● HOW TO COMPLETE THIS TASK
Return exactly the lines of the records below, starting at the line that contains "Persona 5 wallpaper" and ending at the line that contains "Antique chairs for", with both of those lines kept.

━━━ INPUT RECORDS

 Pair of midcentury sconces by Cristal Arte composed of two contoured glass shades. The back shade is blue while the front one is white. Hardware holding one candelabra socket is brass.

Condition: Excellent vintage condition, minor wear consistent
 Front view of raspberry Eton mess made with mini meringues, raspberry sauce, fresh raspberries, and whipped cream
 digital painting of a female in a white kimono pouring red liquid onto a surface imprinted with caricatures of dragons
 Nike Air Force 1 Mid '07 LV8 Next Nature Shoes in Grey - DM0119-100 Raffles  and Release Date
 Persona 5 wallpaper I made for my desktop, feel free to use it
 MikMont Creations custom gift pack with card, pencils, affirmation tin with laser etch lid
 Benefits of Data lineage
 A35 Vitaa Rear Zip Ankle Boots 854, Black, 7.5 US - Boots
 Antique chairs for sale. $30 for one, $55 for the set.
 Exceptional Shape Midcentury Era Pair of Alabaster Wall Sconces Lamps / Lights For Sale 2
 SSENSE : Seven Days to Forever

━━━━━━

● RESPONSE
 Persona 5 wallpaper I made for my desktop, feel free to use it
 MikMont Creations custom gift pack with card, pencils, affirmation tin with laser etch lid
 Benefits of Data lineage
 A35 Vitaa Rear Zip Ankle Boots 854, Black, 7.5 US - Boots
 Antique chairs for sale. $30 for one, $55 for the set.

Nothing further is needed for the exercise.